A second problem: MySQL is returning the incorrect 
SQLSTATE when the same situation happens with an 
implicit cast. That is, if I attempt to insert the number  
1000 into a CHAR(3) column, the server correctly 
rejects the operation. But it does so with an SQLSTATE 
of 01000, rather than 22001 string data right truncation. 
 

How to repeat:
mysql> set sql_mode='traditional'; 
Query OK, 0 rows affected (0.00 sec) 
 
mysql> create table t1 (col1 char(3)) engine=innodb; 
Query OK, 0 rows affected (0.00 sec) 
 
mysql> insert into t1 values(1000); 
ERROR 1265 (01000): Data truncated for column 'col1' at row 1 
-- This is the correct result, but the SQLSTATE should be 22001 string data right truncation  
 
mysql> select * from t1; 
Empty set (0.00 sec) 
 
mysql> insert into t1 values(cast(1000 as char(4))); 
ERROR 1265 (01000): Data truncated for column 'col1' at row 1 
-- Again, correct action, but incorrect SQLSTATE 
 
mysql> select * from t1; 
Empty set (0.00 sec) 
 
mysql> insert into t1 values(cast(1000 as char(3))); 
Query OK, 1 row affected (0.00 sec) 
-- This is the incorrect result.

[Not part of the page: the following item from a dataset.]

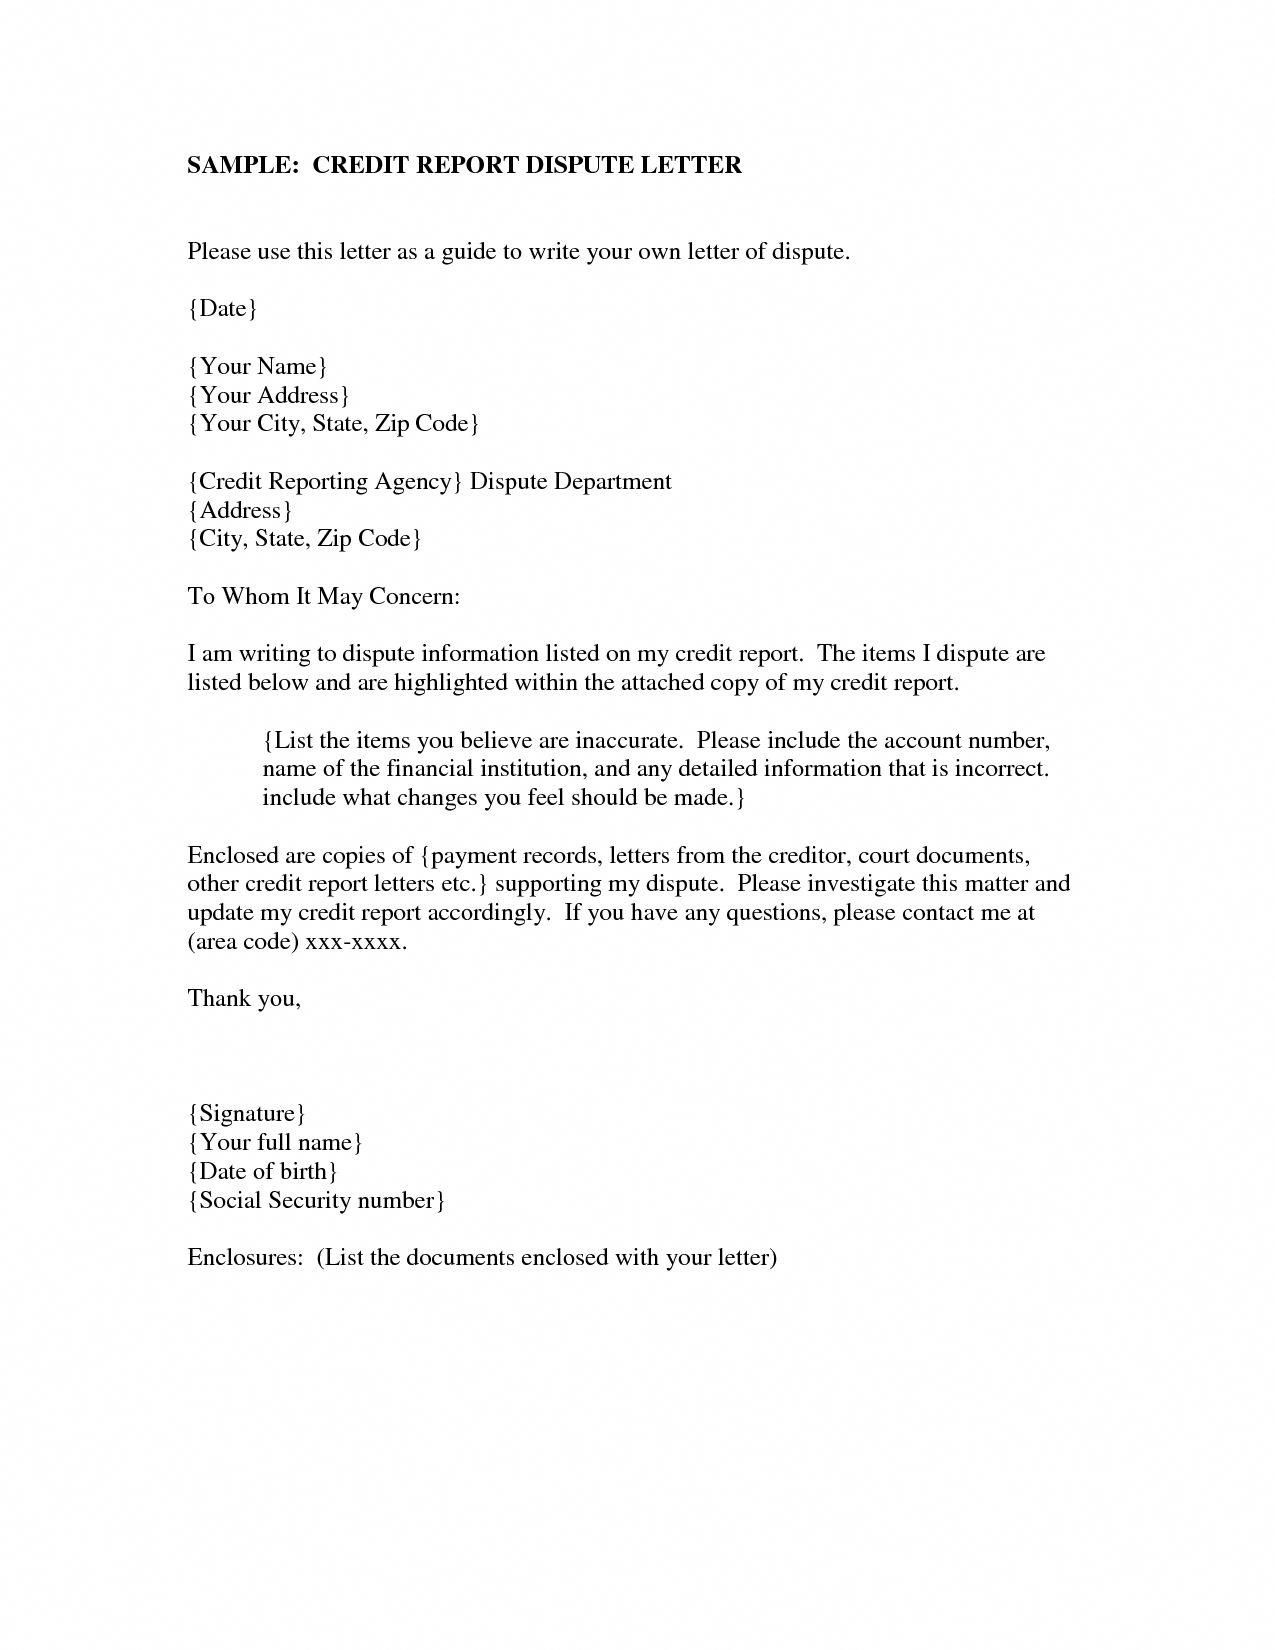 Pin by Trinidad Cruz on credit dispute letters to repair

The INSERT should be rejected with 
SQLSTATE 22001 string data right truncation  
 
mysql> select * from t1; 
+------+ 
| col1 | 
+------+ 
| 100  | 
+------+ 
1 row in set (0.00 sec)
[6 Oct 2004 0:07] MySQL Verification Team
Verified against latest BK source tree.
[1 Dec 2004 19:39] Konstantin Osipov
Trailing characters are also being ignored when a string is casted to a number:
 mysql> set @@sql_mode='traditional';
 Query OK, 0 rows affected (0.00 sec)
 mysql> select cast('12345abc' as signed integer);
 +------------------------------------+
 | cast('12345abc' as signed integer) |
 +------------------------------------+
 |                              12345 |
 +------------------------------------+
 1 row in set (0.00 sec)
 mysql> show warnings;
 Empty set (0.00 sec)
[2 Dec 2004 18:52] Trudy Pelzer
Here's another example, run with 5.0.3-alpha debug: 
 
mysql> set sql_mode='traditional'; 
 
mysql> select cast('a' as unsigned integer); 
+-------------------------------+ 
| cast('a' as unsigned integer) | 
+-------------------------------+ 
|                             0 | 
+-------------------------------+ 
-- This is the incorrect result. The SELECT should be rejected with 
SQLSTATE 22018 invalid character value for cast 
 
mysql>
[1 Apr 2005 11:52] Michael Widenius
This thing is now partly solved:

- CAST now generates error when casting wrong constant strings to integer or
  double
- CAST now generates error when casting an integer or double to a string
  when the string is too short

We still get a wrong SQLSTATE for some cases, but that can't be easily
solved so it has to be fixed later.  The reason is that we reuse the same
error text & error number for all truncation messages and as the SQLSTATE
is connected to the error number, we can't easily have different SQLSTATE's
to the same error.
To fix this we need to do the following changes:

- Add aliases to sql/share/errmsg.txt so that one error message can share
  all error strings from another error message but have unique SQLSTATE.
  This can be fixed by just changing the program that generates the error.sys
  files.
[9 Jun 2014 16:59] Paul DuBois
This bug was due to faulty arithmetic that was done in 5.0.
It has been fixed and are not reproducible in 5.1+ versions.
No changelog entry because it is unknown in which version the issue was corrected.